The payout represents the second tranche of recognition awards the brokerage is granting to long-serving advisors as part of an agreement reached during the firm’s reorganization in 2020.

Advisors who controlled approximately 91% of Richardson Wealth’s assets in Oct. 2020 were still with the firm, said Kish Kapoor, president and CEO of RF Capital, in a conference call announcing the firm’s fourth-quarter earnings.

“To me, that [shows] a very high level of confidence in all of the things that we’ve been investing in on their behalf,” Kapoor said.

Tim Wilson, CFO of RF Capital, said the $15.2 million would be amortized at approximately $5 million per year between 2024 and 2026.

Richardson Wealth advisors who joined the firm since the reorganization received their own recognition awards when they joined, Kapoor said.

Richardson Wealth reported assets under administration of $35.2 billion at the end of Q4, up from $34.7 billion at the end of the previous quarter and $34.9 billion at the end of the same quarter last year.

“AUA increased as recruiting, net new assets, and strong markets in the fourth quarter offset the departure of advisor teams that managed $2.5 billion in AUA,” the firm reported in its earnings release.

The firm added three advisor teams that managed $800 million in November.

Richardson Wealth had 157 advisory teams at the end of 2023, down from 159 at the end of the previous quarter and 163 at the end of the same quarter last year.

The firm has a goal of reaching $100 billion in AUA over the next few years.

Speaking before the earnings announcement, Victor Adesanya, vice-president with Morningstar DBRS in Toronto, noted that Richardson Wealth’s AUA “hasn’t changed significantly on a year-over-year basis. For them to reach that ambitious goal, they need M&A activity or to aggressively acquire advisor teams.”

On the call, Wilson said that “in 2024, AUA will continue to be driven by growth in client assets and is expected to correlate highly with equity market returns and recruiting activity. And we are confident that we will see an uptick in recruiting activity this year.”

Dave Kelly, who joined Richardson Wealth as COO in January, said on the call that the firm’s investments in technology have created a foundation “that really drives scale” as the firm adds new advisors.

Kapoor said he has been “devoting a lot of my time and energy” to identifying possible acquisition targets.

“I would suspect that we’re going to have to look a lot more before we find the [acquisition] that really perfectly fits,” Kapoor said. “I think this is an early part of our journey.”

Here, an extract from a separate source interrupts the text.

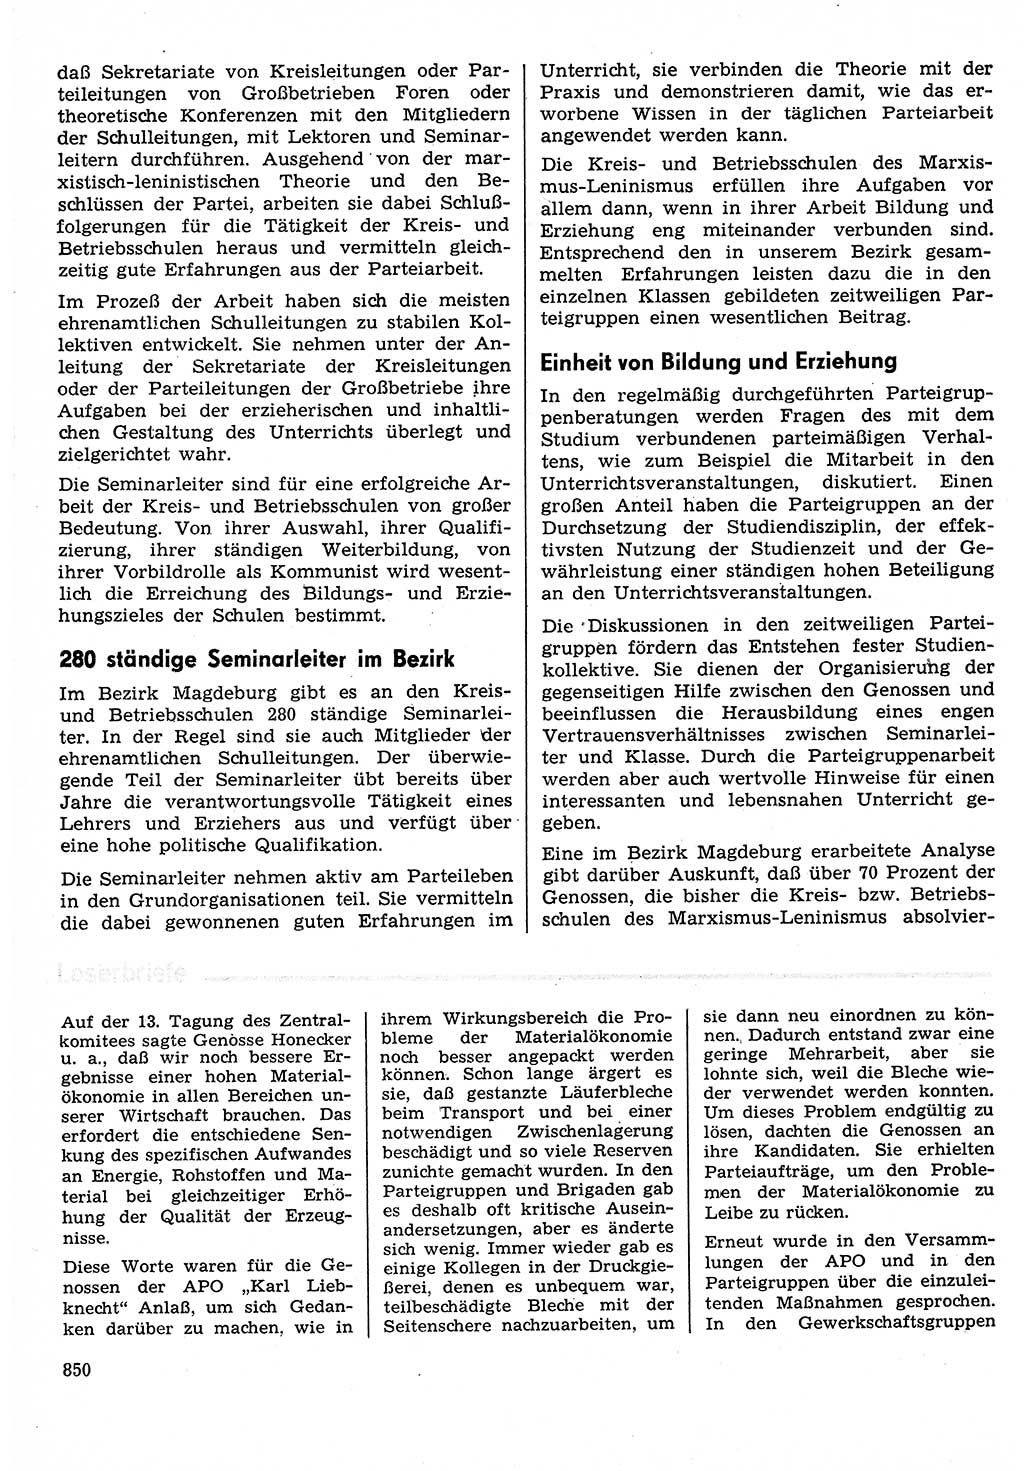 Neuer Weg (NW), Organ des Zentralkomitees (ZK) der SED (Sozialistische Einheitspartei Deutschlands) für Fragen des Parteilebens, 30. Jahrgang [Deutsche Demokratische Republik (DDR)] 1975, Seite 850 (NW ZK SED DDR 1975, S. 850)

RF Capital reported revenue of $86.8 million for Q4 2023, down from $88.5 million in Q4 2022, and $351.1 million for the year, down from $354 million in 2022.

Expenses were $36.4 million for the quarter, up from $34.9 million for the same quarter last year, and $150.9 million for 2023, up from $151.0 million in 2022.

RF Capital announced a cash dividend of 23.3313 cents per series B preferred share, payable on March 29 to preferred shareholders of record on March 15.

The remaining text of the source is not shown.